How High We Go in the Dark by Sequoia Nagamatsu review – a patchwork of pandemic stories

This article is more than 2 years old

Nagamatsu’s zany visions of a future plague give way to more optimistic notes in an affecting if uneven book

Sequoia Nagamatsu’s ambitious novel-in-stories was written long before Covid. Nevertheless, when melting permafrost reveals a Neanderthal corpse, which in turn disgorges an ancient plague, the repercussions feel initially familiar. Only initially, because the Arctic plague will turn out to be far deadlier, while Nagamatsu’s zany vision extends, via a succession of first-person narrators, thousands of years into the future, incorporating interstellar travel, advanced cryopreservation and alien shape-shifters.
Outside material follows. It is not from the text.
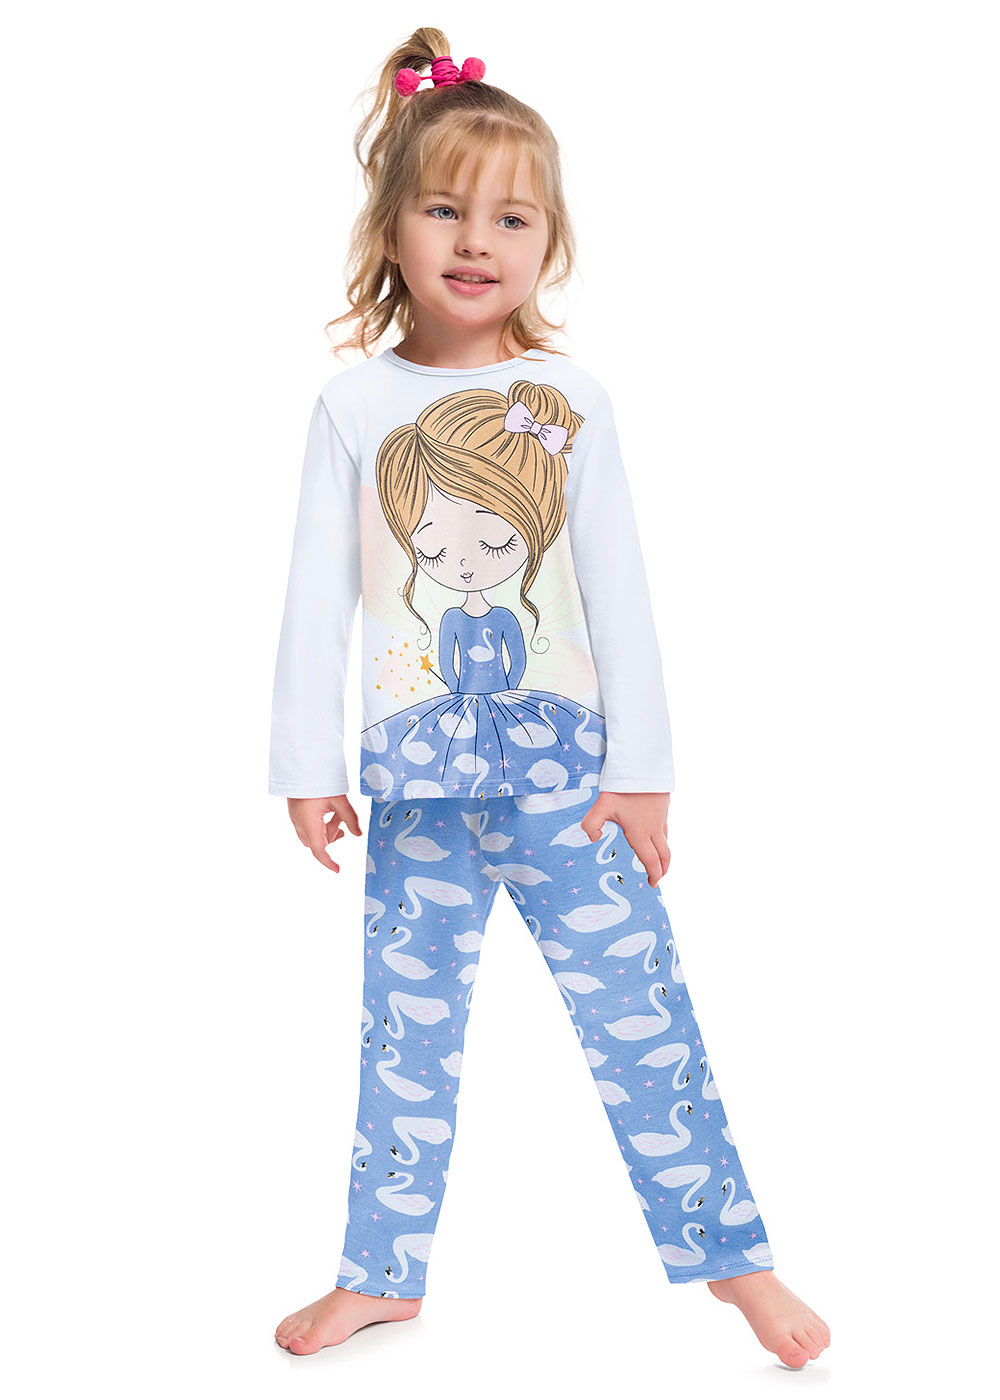 Pijama Infantil Feminino Inverno Branco Fada Brilha no Escuro - Kyly

The plague first targets children, transforming their organs into approximations of other bodily organs (squeamish readers take note: Nagamatsu isn’t one to shy away from the physicality of disease). Soon, all aspects of human life revolve around death. “Mortuary cryptocurrencies” are the only money worth having, high-rise cemeteries sprout and theme parks become euthanasia centres.
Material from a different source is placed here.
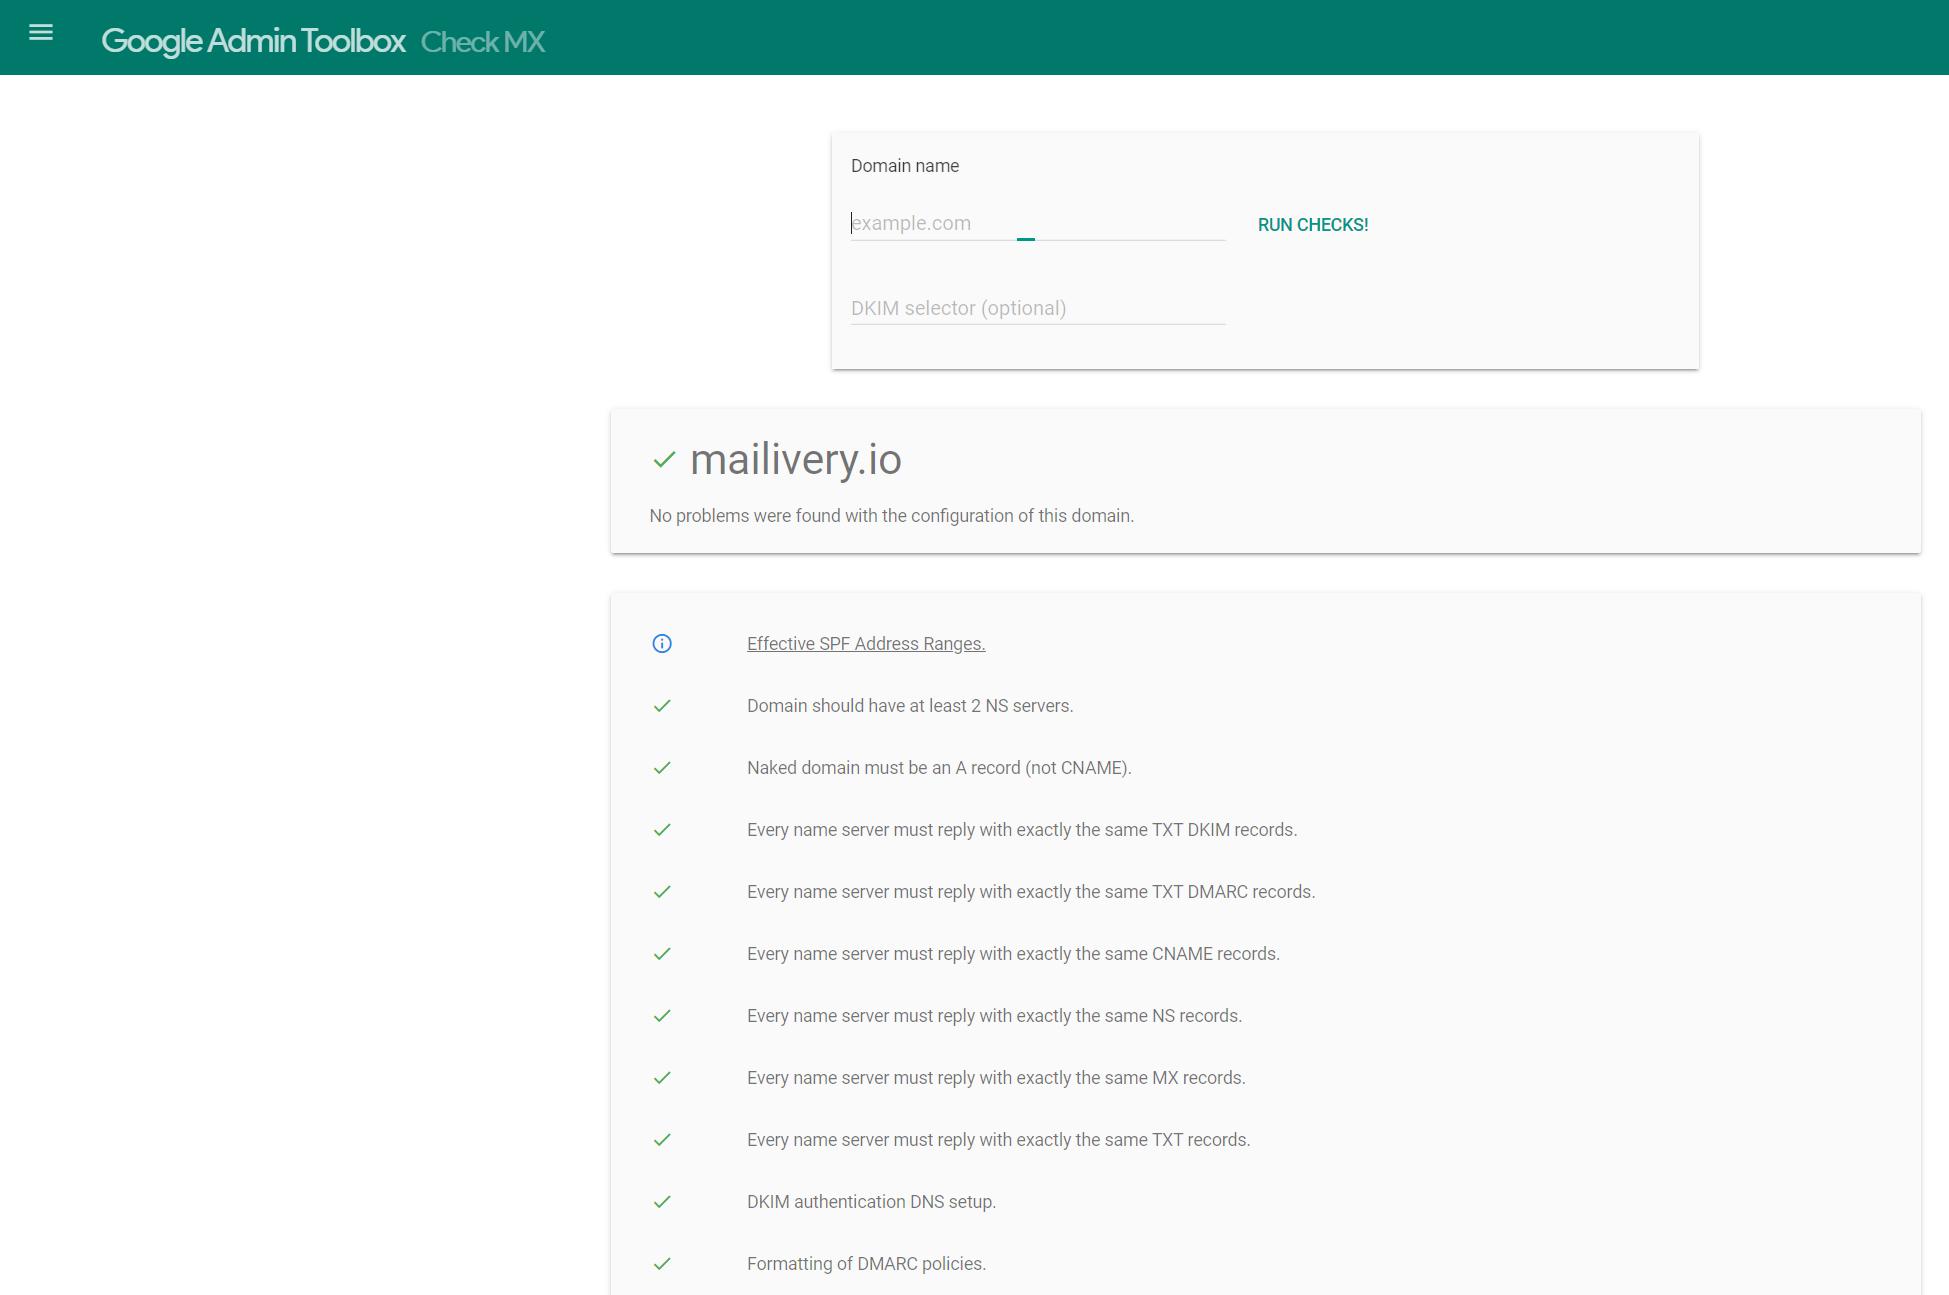 google admin toolbox check mx

It’s at such a park that one of the novel’s more affecting episodes is set. In the “before times”, its narrator was an aspiring comedian. Now, he dons a mouse costume and escorts kids on to the last ride of their short lives at the City of Laughter. When he grows close to a mother and her dying son, he finds himself mourning a future he might never have known he wanted.

The boy’s father is the focus of another of the novel’s stronger chapters. Overseeing an operation to farm donor organs from pigs, he and his team accidentally breed a pig that’s able to talk. Nicknamed “Snortorious P.I.G.”, he’s a whimsical beast, ravenous for knowledge and poised to teach his human carers much about mortality.
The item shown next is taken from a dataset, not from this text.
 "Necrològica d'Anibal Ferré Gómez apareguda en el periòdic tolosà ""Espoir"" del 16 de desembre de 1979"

As the losses pile up, Nagamatsu succeeds in assembling a book that feels energetic despite its base note of mainly muted, sometimes maudlin despair. A little over halfway through, tales of endings give way to visions of new beginnings, albeit not here on Earth. It closes with a somewhat corny solution to a mystery whose seeds were planted in the first pages: how did the cavern in which the Neanderthal girl was found come to be inscribed with advanced mathematics?

Many of these chapters have been published as short stories in the past decade. While they don’t convince as a novel, they’ve undeniably found their moment with their sustained message that love and hope continue to flicker even in the face of catastrophic pestilence.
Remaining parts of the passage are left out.